■ **What needs to be done**
Return all of the listing word for word; the pictures stay out.

--- Recorded information ---

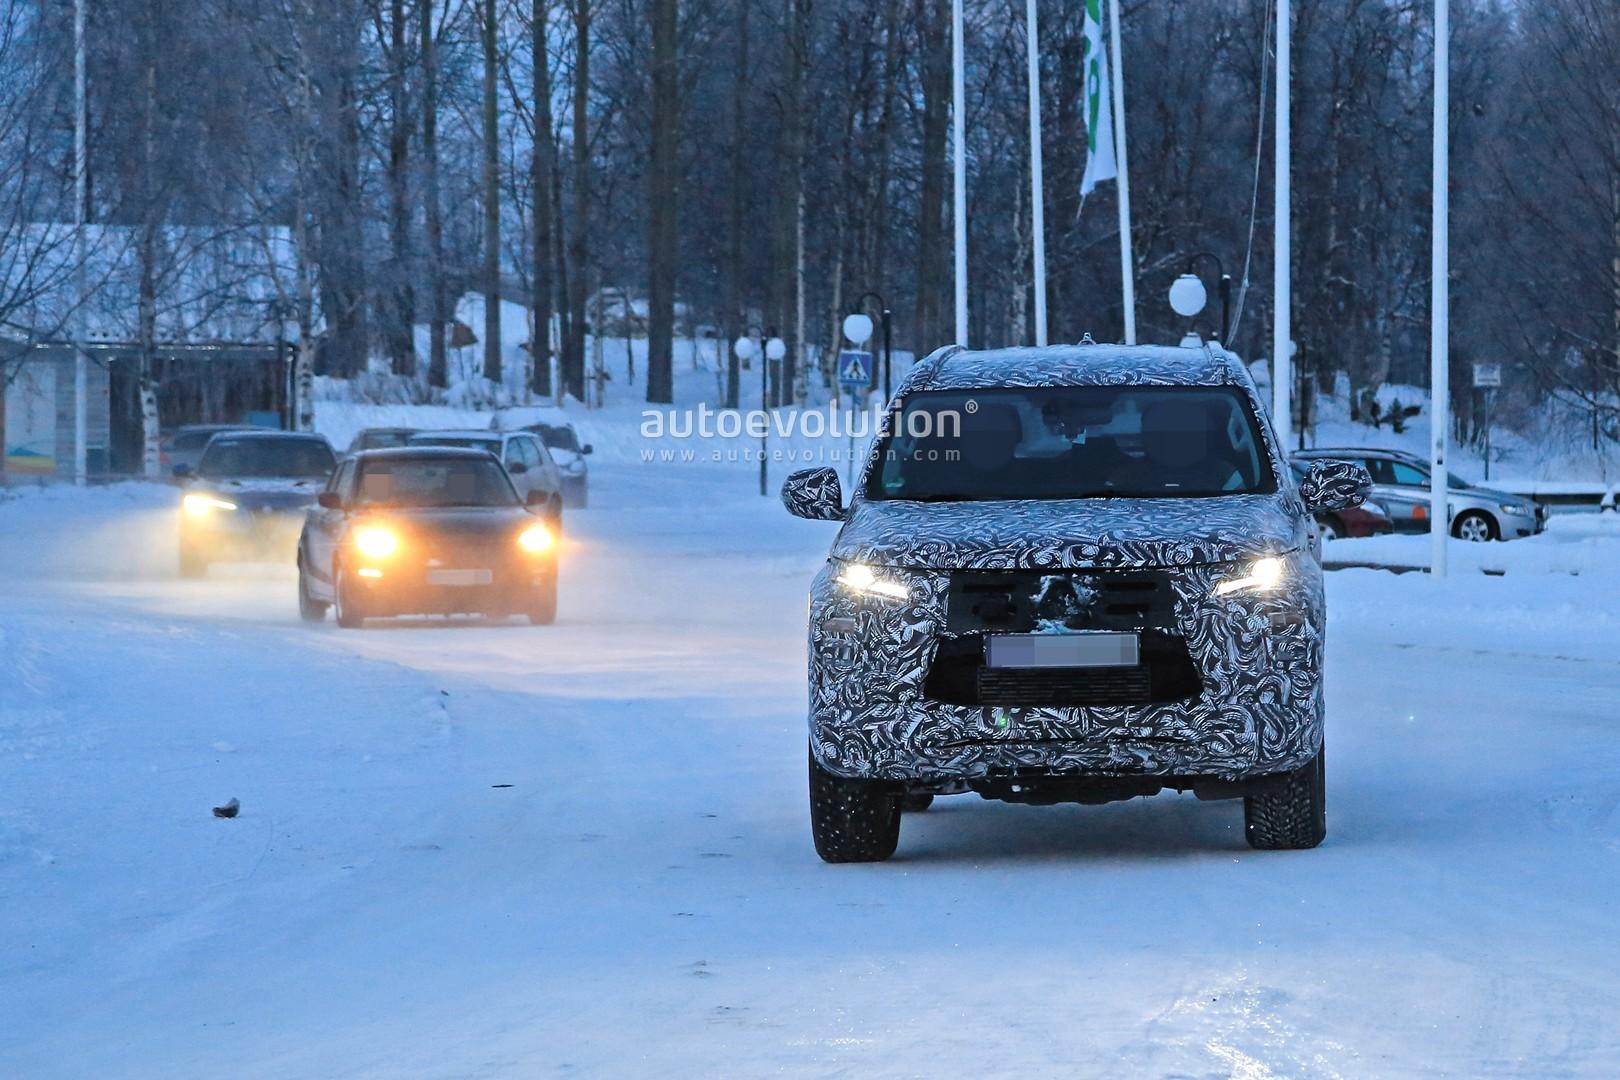 Mitsubishi to reveal electrified SUV concept at Geneva
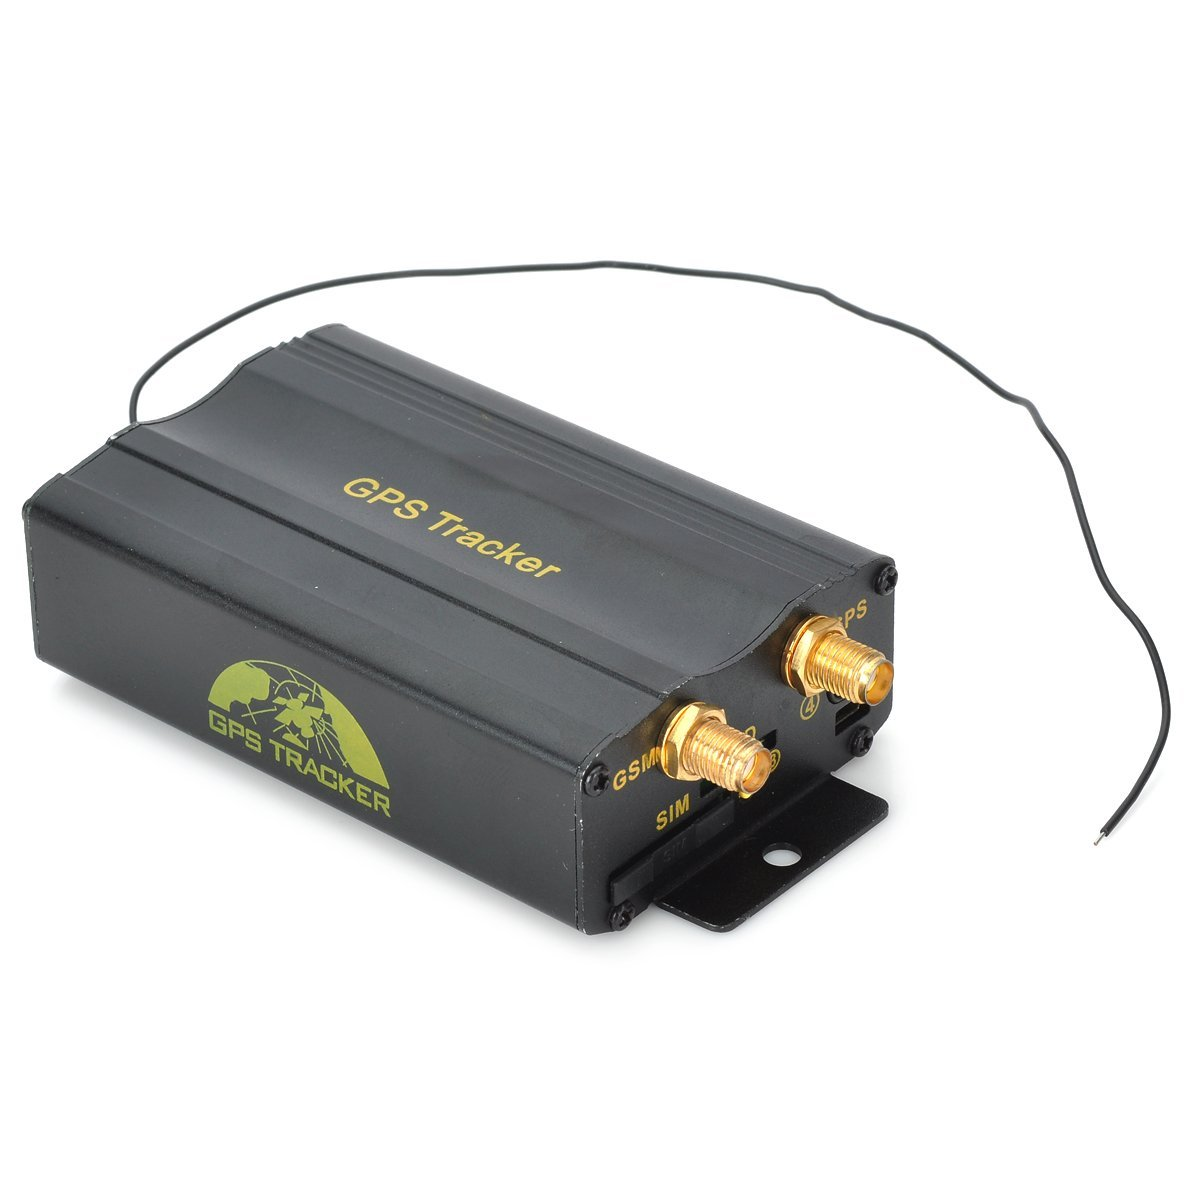 AVOLUTION Vehicle Car GPS SMS GPRS Tracker Real Time Tracking Device Syatem New Black
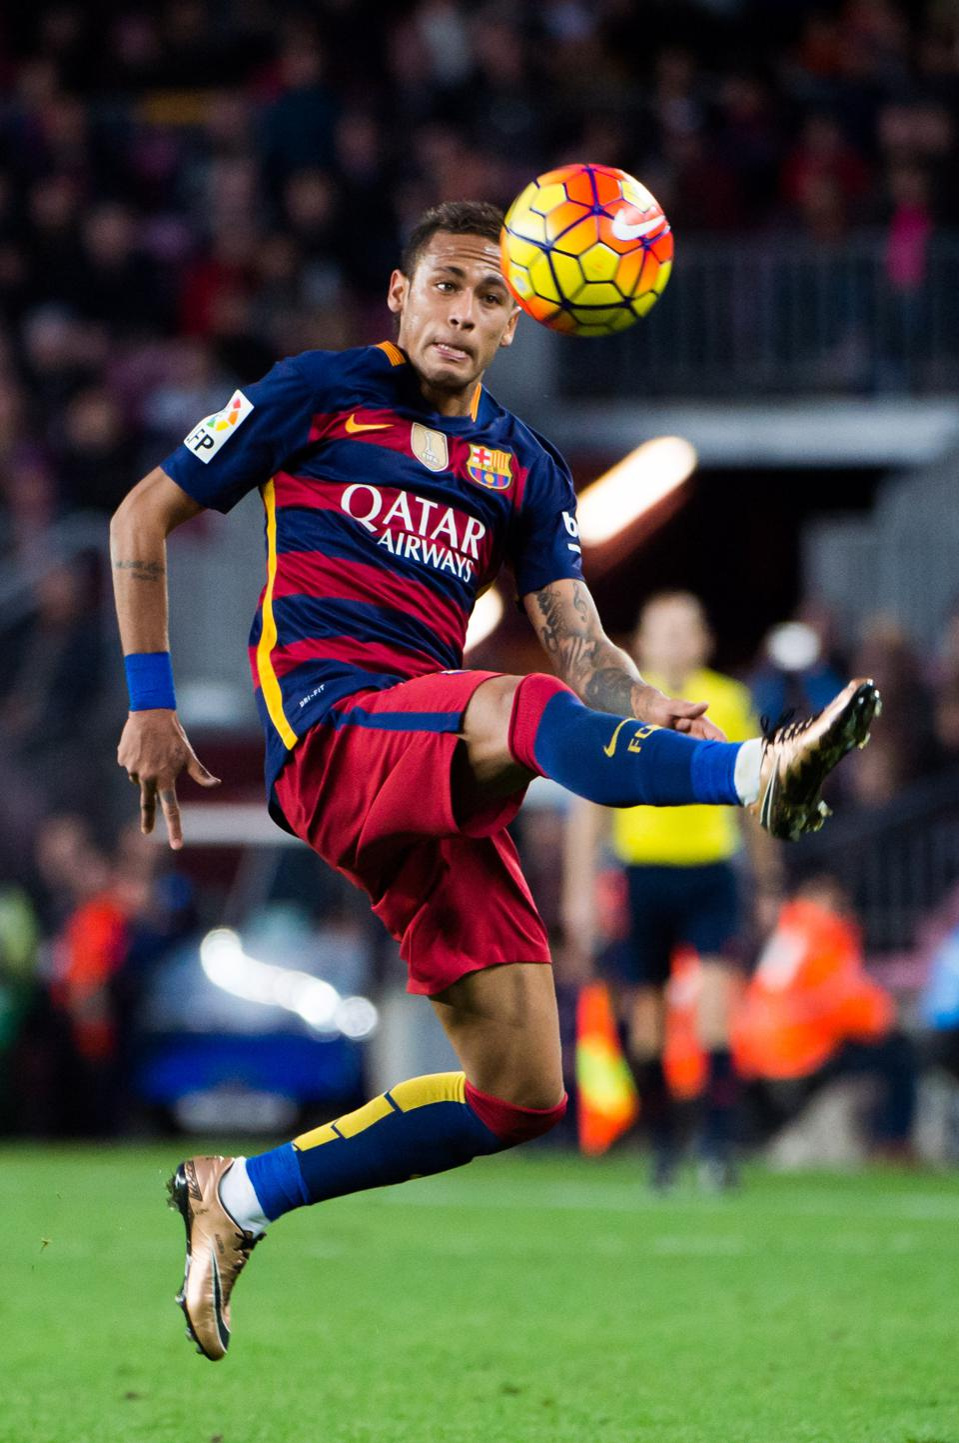 La Liga: Barcelona's Foresight May Usurp Real Madrid As La Liga

---

■ **Answer to this task**
 Mitsubishi to reveal electrified SUV concept at Geneva
 AVOLUTION Vehicle Car GPS SMS GPRS Tracker Real Time Tracking Device Syatem New Black
 La Liga: Barcelona's Foresight May Usurp Real Madrid As La Liga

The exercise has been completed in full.